Very soon we will enable the generic “Custom Science” app mentioned above. That means that any data science pro can connect their GitHub/Bitbucket themselves - that gives you, our user, the freedom to find the best brain in the world for your job.

Why people and not just machines?

No “Machine Learning Drag&Drop” app provides the same quality as a bit of thought by a seasoned data scientist. We’re talking business analytics here! People can put things in context and be creative, while all machines can do is to adjust (sometimes thousands of) parameters and tests the results against a training set. That may be awesome for facial recognition or self-driving car AI, but in any specific business application, a trained brain will beat the machine. Often you don’t even have enough of a test sample so a bit of abstract thinking is critical and irreplaceable.

Why I'm not a Data Scientist

During my tenure at Keboola, and for some time before that, I’ve helped to design successful BI implementations for numerous companies, big and small.

In my role I taught others and helped them to achieve the same.
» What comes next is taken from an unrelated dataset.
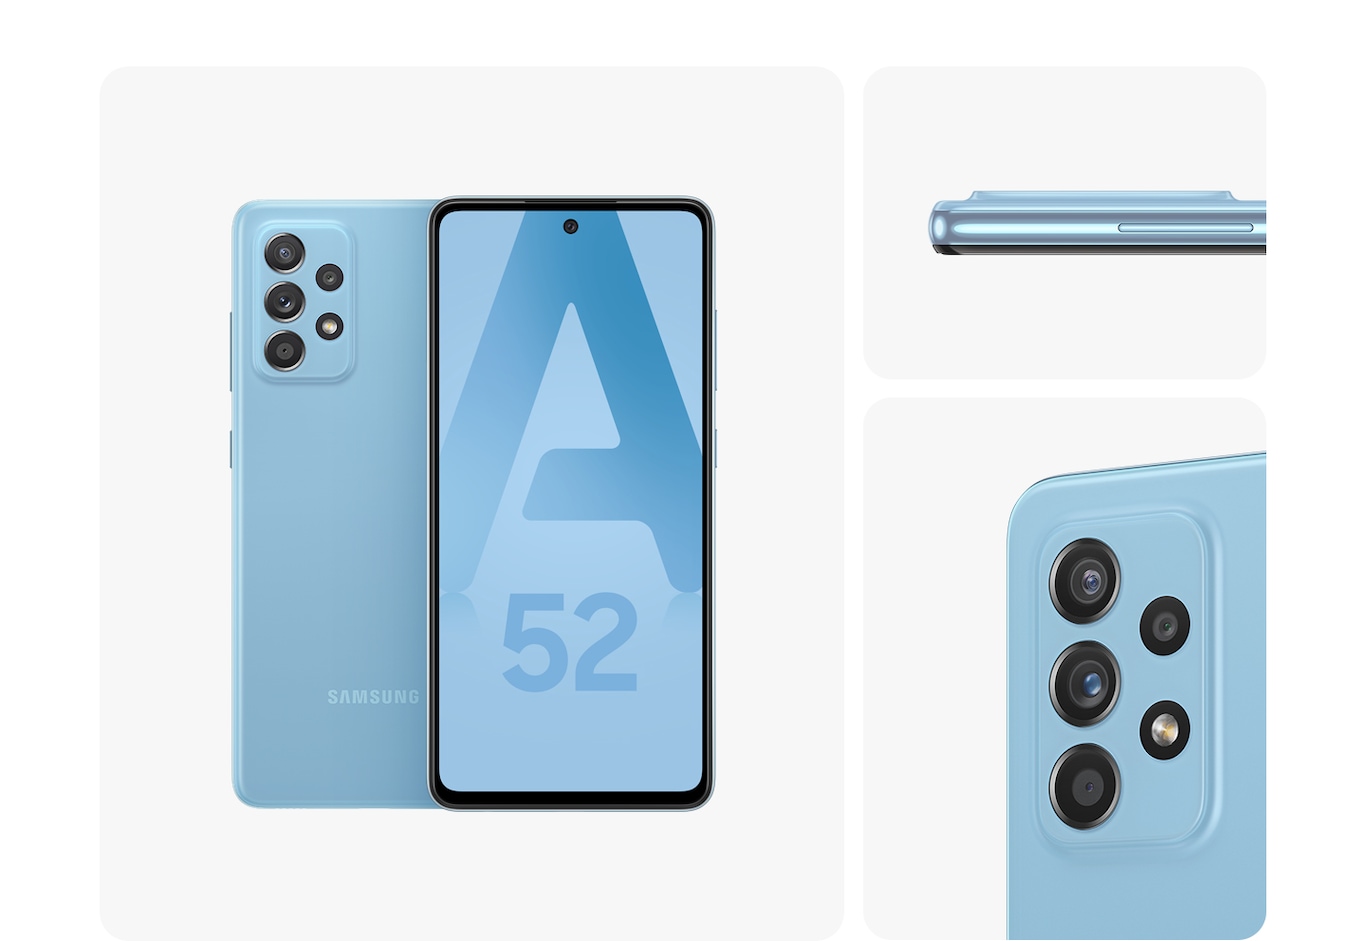 4. BlueGalaxy A52 in Awesome Blue, seen from multiple angles to show the design: rear, front, side and close-up on the rear camera.

Together, we build solutions that amaze me daily with their ability, value they bring to the users, and potential for the future. We process billions of rows of data, 10s of millions of text entries of all kinds, millions of deals and billions of dollars in business transactions. We perform some serious analytics over all that, helping to draw out business value for our clients every day. We innovate and help to redefine what it means to do BI. Our own company runs on data.

Yet, I would not call myself a Data Scientist.

I rarely code. I suck at stats. I definitely need to freshen up on my math skills. I avoid fancy terms like OLAP cube and Linear Regression. I prefer simple language. With my resume, I wouldn’t fit the bill for 80% of data analyst jobs postings out there. 

I don’t hold a PhD.

For me, Big Data is not a category of its own. It is something too big to handle using the tools at hand. So you get a bigger hammer and move on.

I’m a user, in all senses of the word. I’m addicted to data. I look for it everywhere, behind every question and problem. I love great business ideas and using data to make them fly. I love to work with people who think the same way.

How do I pull it off? Sometimes I wonder. For the most part, I believe it’s about the right tools. Tools that are conductive to this kind of thinking. I mostly use just two of them - Keboola Connection to bring the data together and put it where and how I need it, and GoodData to extract the meanings and answers to business questions.

Petr Olmer, Director of Expert Services at GoodData once tweeted that the most underused tool in BI is the human brain, and the most underrated method is asking questions. I believe it, and would add that the term “Data Scientist” ranks up there with the most over- (and mis-) used.

At Keboola we are trying to change that. Consultants at Keboola are people who understand the business and speak its language. They use their brains and ask a lot of questions.

Both Keboola and GoodData have some brilliant people that you could call serious scientists, data or otherwise. But their talents are being applied to making the tools smarter and more useful for us, the common folks. What they do keeps things simple for us. It allows us to focus on the business objective of the task at hand rather than the “how” of it all. Thanks to them, you don’t need to hire a scientist (or be one) to find the wealth in your data

But you might want to talk to - or become - one of us.